Тут уж Танюша с Сазоновной заметались туда-сюда. Гладили, подшивали, пришпиливали — и про поезд бы забыли, если бы не Анисимыч.

Не опоздали все-таки. Анисимыч на станциях бегал за кипятком, приносил леденцы, пирожки, а в Обираловке газету купил.

На первой полосе стихи:


Чу!.. Запел торжествующий клир

Дивный гимн воскресенья Христова,

И душа, восприявшая мир,

Все земное оставить готова.


— Ну что, Катя, на небо махнем? — посмеивался Петр Анисимыч.

— Богохульник! — ужаснулась Сазоновна. — Ты уж молчи, ради бога. Страстная ведь, говорю, суббота!

Петр Анисимыч знал: Сазоновна нет-нет да и встанет перед иконой на колени, тайком от него и за него же у бога просит милости. Однажды посмеялся, а Катя — плакать. С той поры в этот темный чуланчик жениной души не заглядывал.

Самого-то жизнь отучила от бога, придет время — и Катя, глядишь, потихоньку снимет и спрячет свою иконку — материнское благословение.

Сошли с поезда. Весна! Почки на деревьях жирные, как воробьи, а сами-то воробьи верещат, кутерьмуют.

Пошли на Красную площадь.

Там уже полно народу. У кремлевской стены притулились бесчисленные палатки, ларьки, балаганы. Их поставили здесь еще на вербное воскресенье. Вербные катания на Красной площади — всем праздникам праздник. Начинал их сам генерал-губернатор князь Владимир Андреевич Долгорукий, верхом на красавце коне, со свитой. Картинка! А потом купцы выкатывали на тысячных рысаках. Отцы семейств. Обязательно с невестами-дочками. Уж такие цветы: одно облако розовое, а другое — голубое, от одного в жар кинет, а от другого ноги так и пристынут к мостовой.

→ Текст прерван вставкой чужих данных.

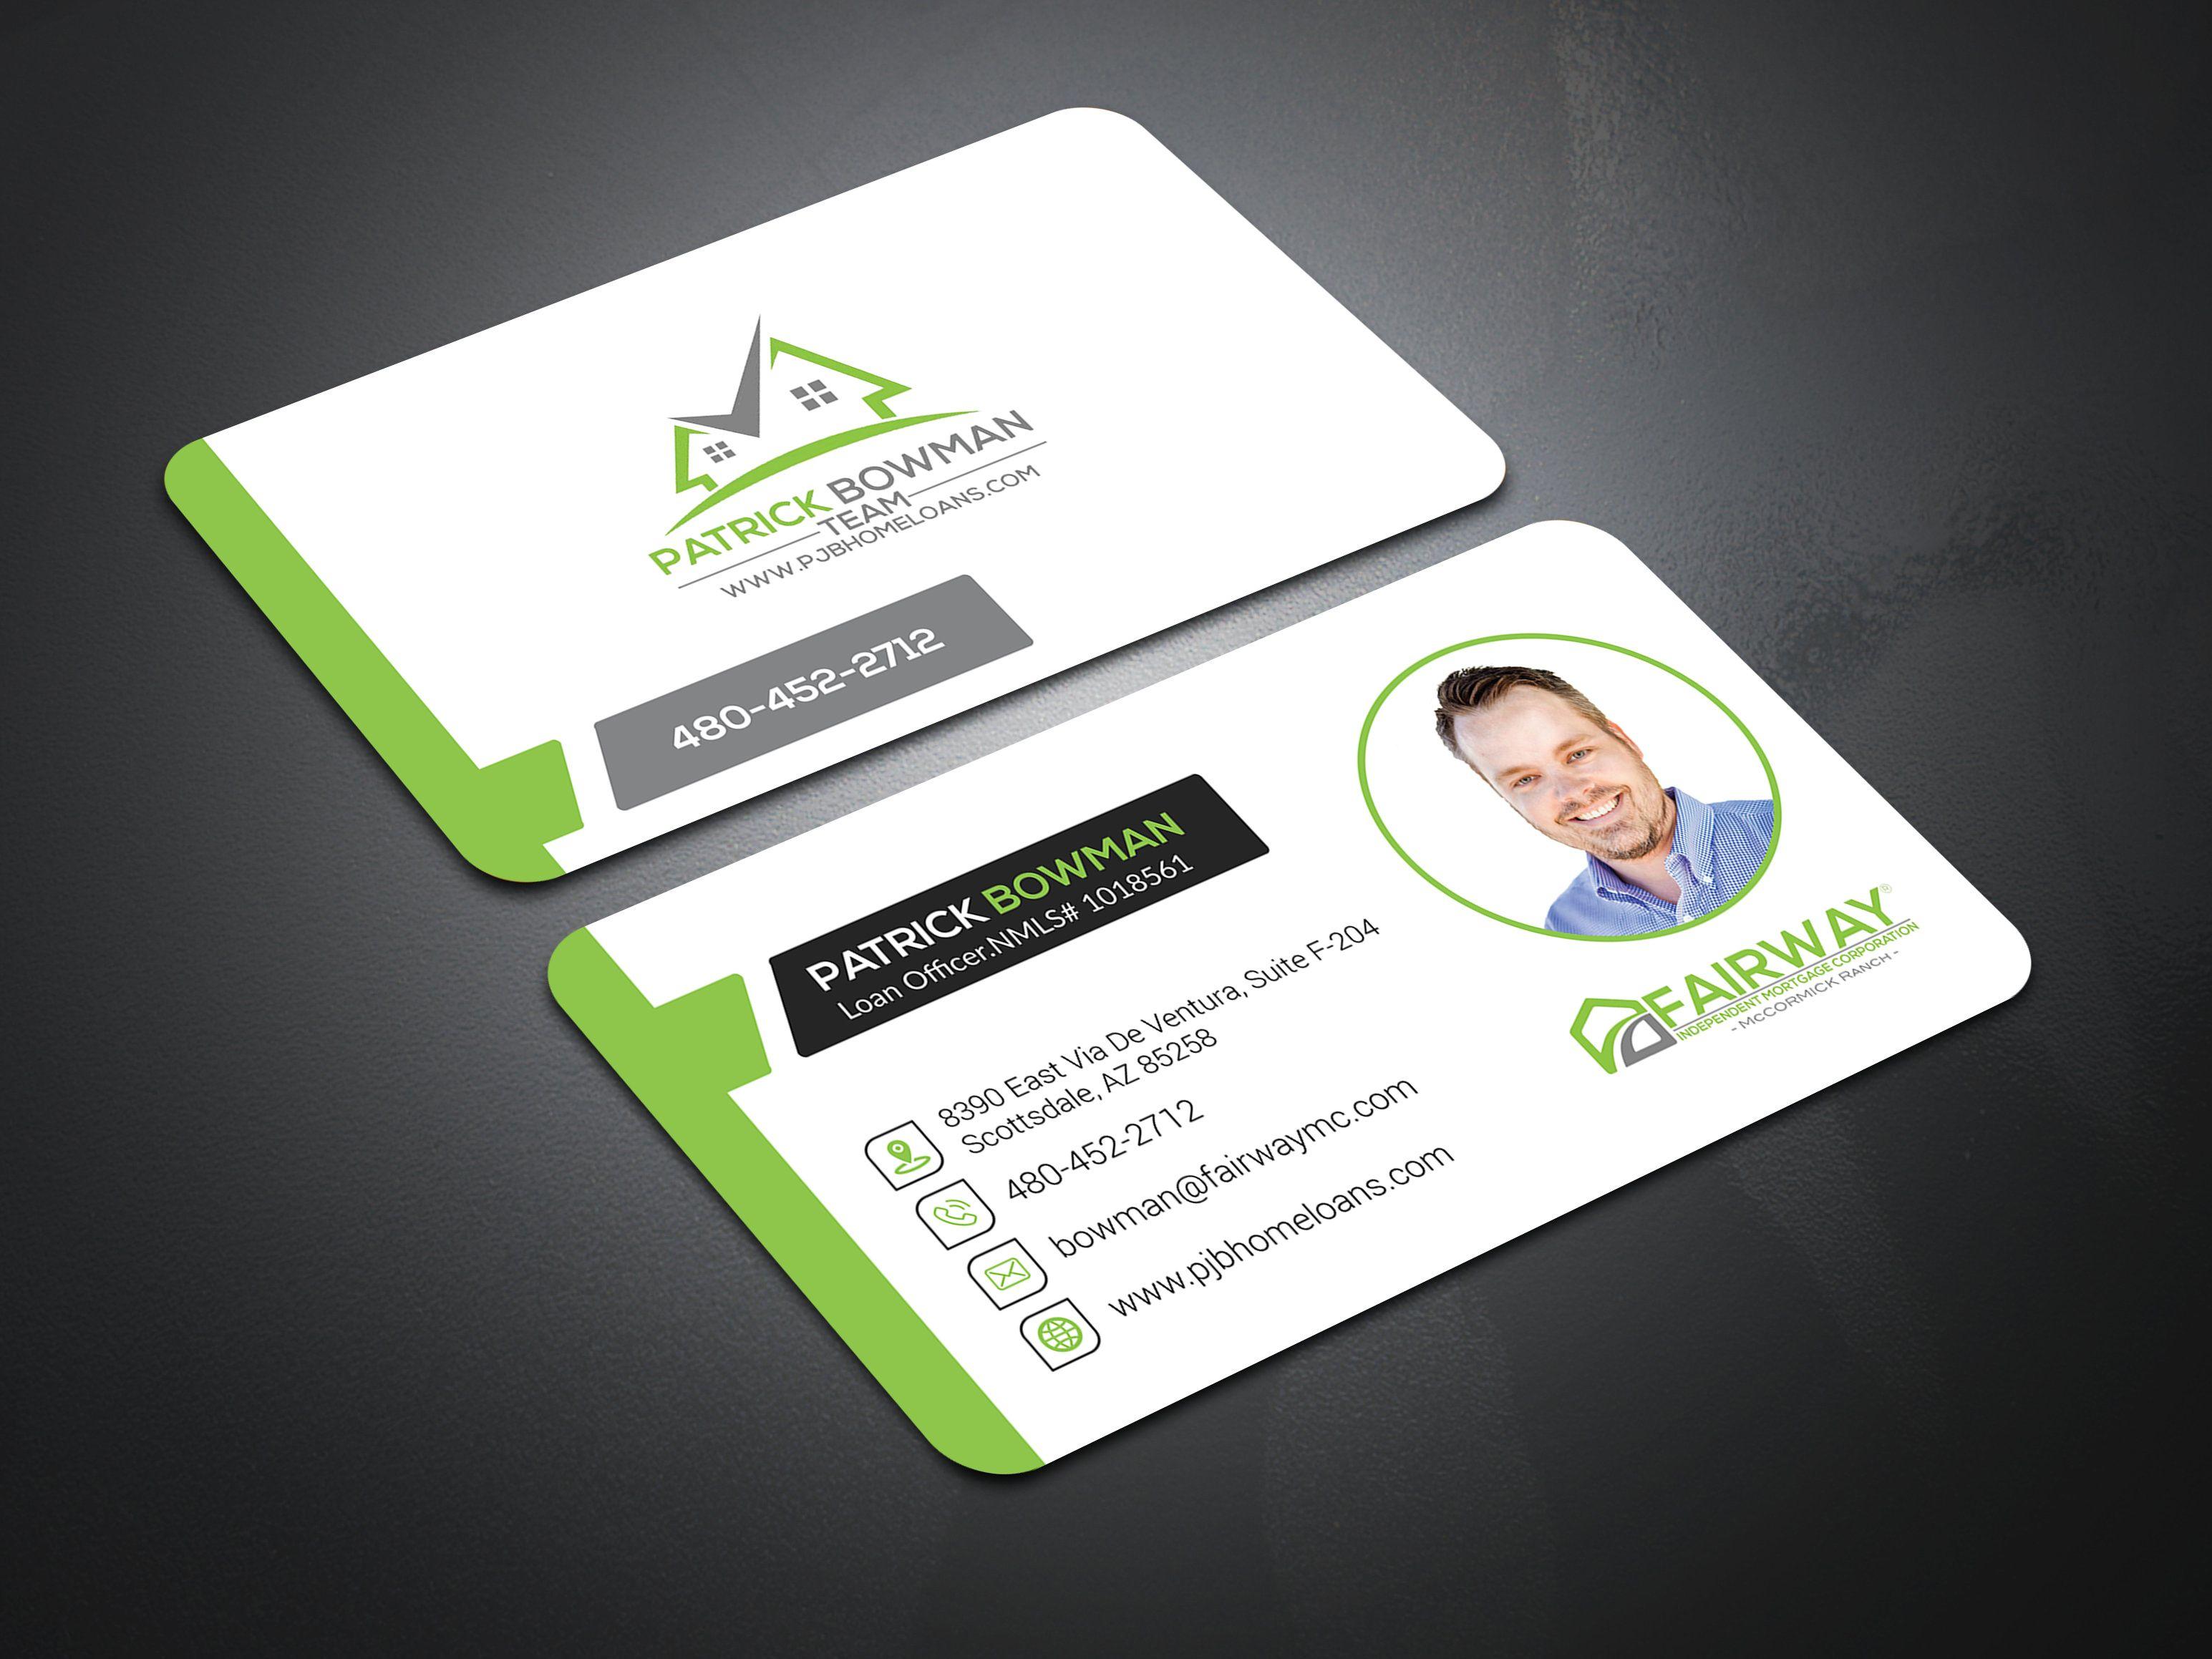 Business Card Design Sample Business Card Design Card Design Cards

— Долгорукому-то, говорят, по шапке за долголетнее воровство дали, — сказал Сазоновне Петр Анисимыч.

— Какому такому?

— Генерал-губернатору. Теперь, говорят, брат царя Москвой править будет, — ехидно засмеялся. — Великий князь Сергей. — И Танюше показал: — В палатках-то этих на вербное воскресенье чего-чего только нет. Французы — вафлями торгуют, греки — золотыми рыбками.

— Дядя Петя, гляди, шарики! — ахнула Танюша…

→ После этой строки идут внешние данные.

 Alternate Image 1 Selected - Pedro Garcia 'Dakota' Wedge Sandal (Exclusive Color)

И точно, над площадью летели связки разноцветных шаров.

— Стало быть, карманы держи, — засмеялся Петр Анисимыч.

— Почему ж карманы-то?

— Жулики шары пускают. У них это первое дело. Зеваки рты разинут, а жулики — карманы чистить.

В толпе шныряли мальчишки, надувая тещины языки, привешивая к спинам прохожих бумажные фигурки обезьянок, пауков, клопиков.

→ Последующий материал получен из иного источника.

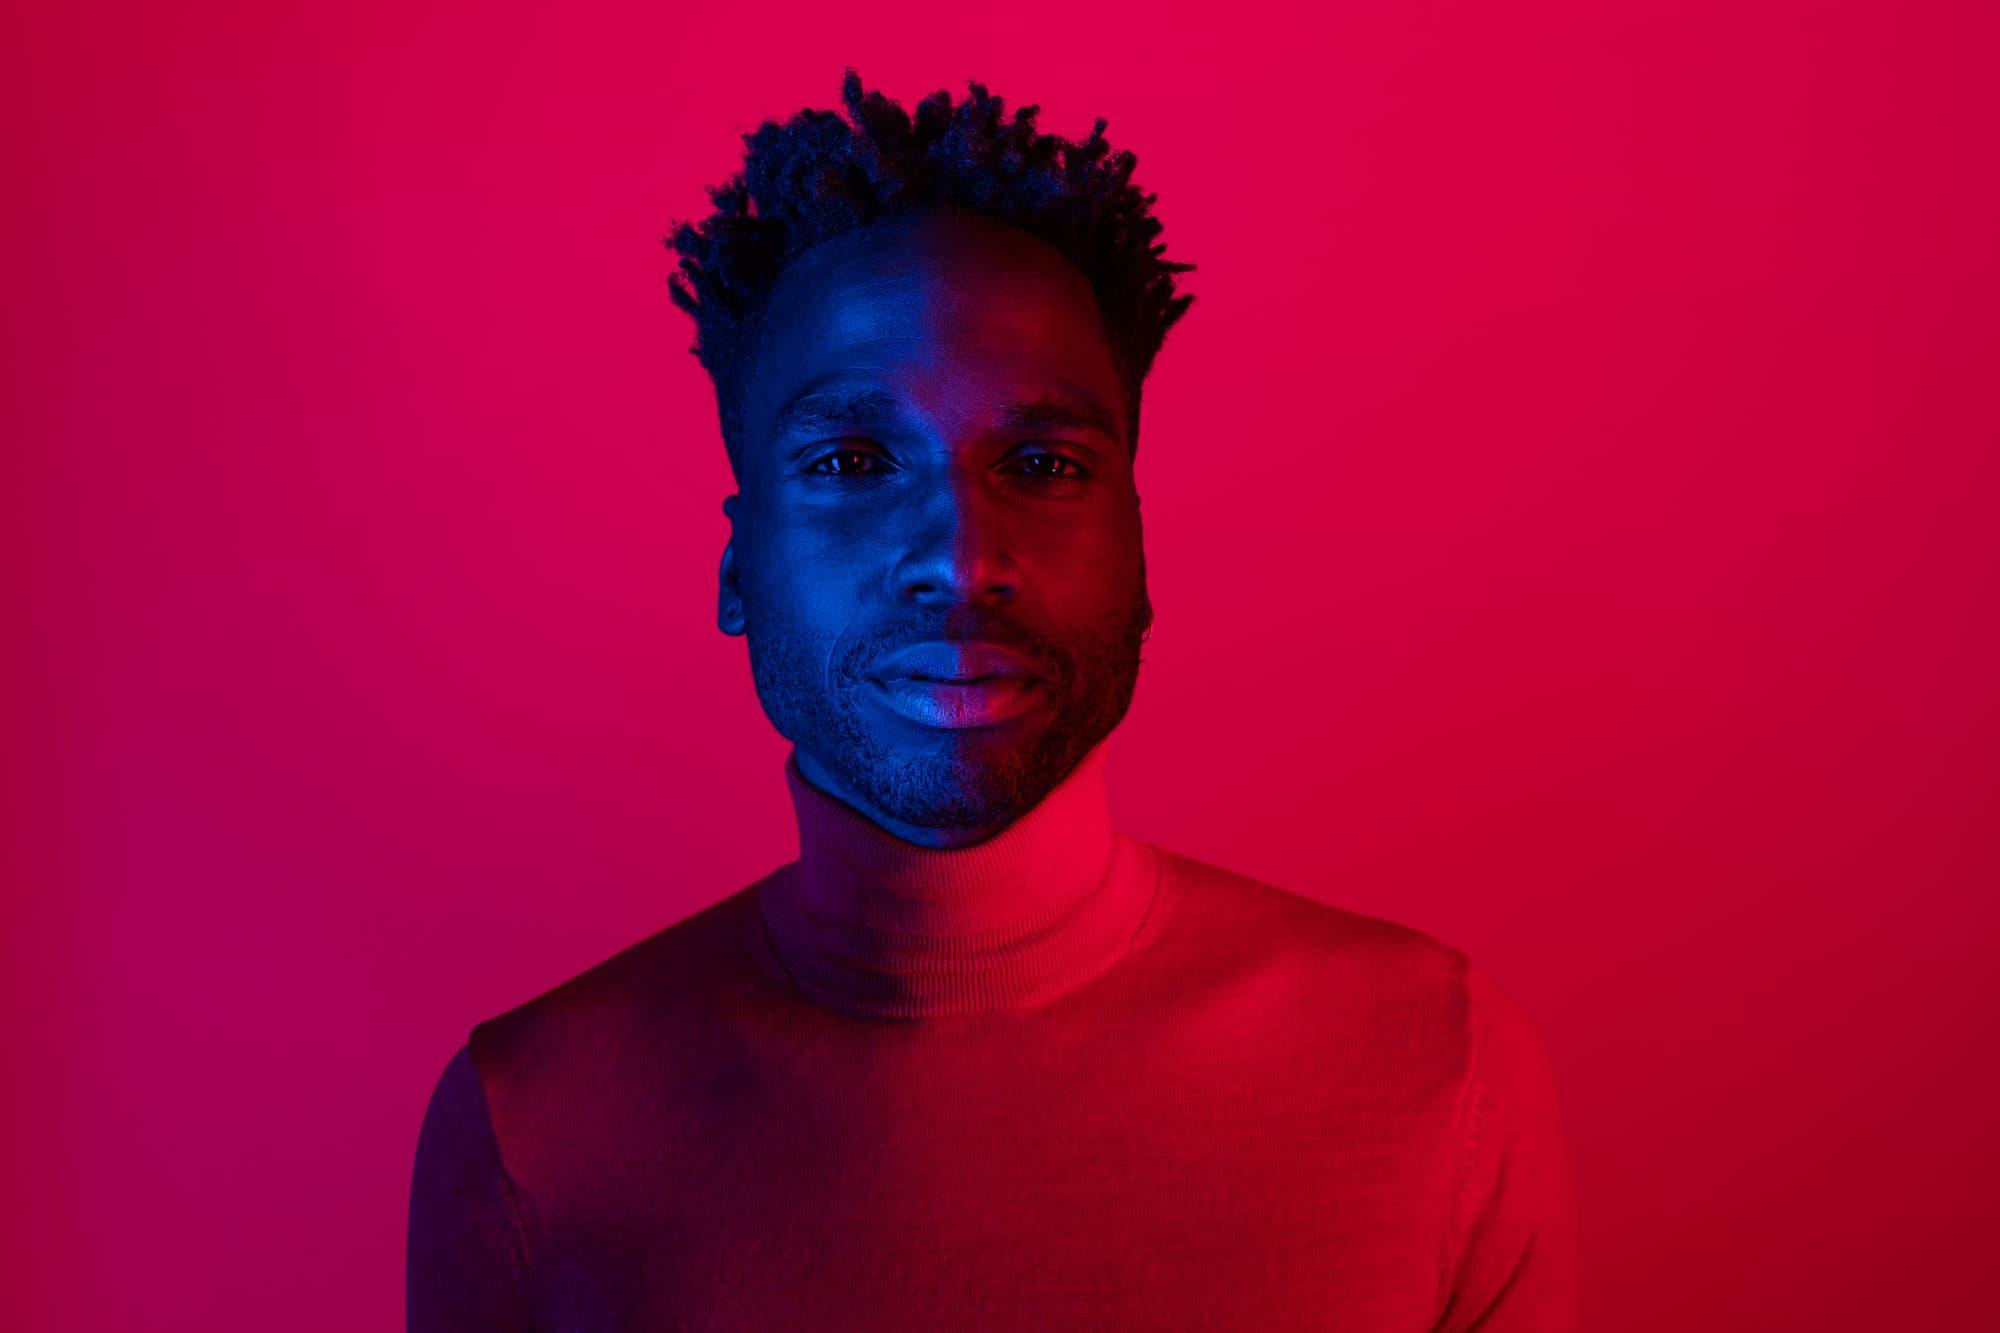 webseite-HolgerAltgeld-Pascal-Nkongo-portraits-012

И Петр Анисимыч вдруг поймал себя на том, что он вглядывается в мальчишек: не мог он Анисима забыть.

Свистели и пищали на сто ладов дуделки, свистульки. А тут вдруг явился среди толпы «Михаил Архангел». За плечами — черные огромные крылья, в белой рубахе, босиком, с медной полковой трубой в руках.

Полез было на Лобное место, да прибежали жандармы, крылья у «Архангела» выдернули, трубой по голове угостили. Кто чего говорит. Одни — святой, другие — жулик. Одни — тронутый, мол, другие — смутьян, анархист.

А толпа растет, гудит, время близится к двенадцати.

— Пошли потеху поглядим! — потащил Петр Анисимыч своих женщин к колокольне Ивана Великого.

Возле колокольни купцы оспаривали друг у друга первый удар в колокол. У купца спор один — деньги на бочку. Купчишки, правда, толкались не из китов — мелкота: окунишки, щучки, судачки. Оттого и ставки десяти рублей не превышали. Явился известный московский торговец мясом. Предложил звонарям двадцать пять целковых. Тотчас меховщик поманил тридцаточкой. Крещеный еврей, ювелир, не пожадничал и, перекрывая разом все ставки, вынул сотенную.

Московские купцы занервничали, и мясник к двадцати пяти тотчас прибавил еще сто рублей. Зрители вздохнули, но тут, за десять минут до первого удара, прибыл Тимофей Саввич Морозов. Седой, благообразный, строгий. Работников с ним человек пять.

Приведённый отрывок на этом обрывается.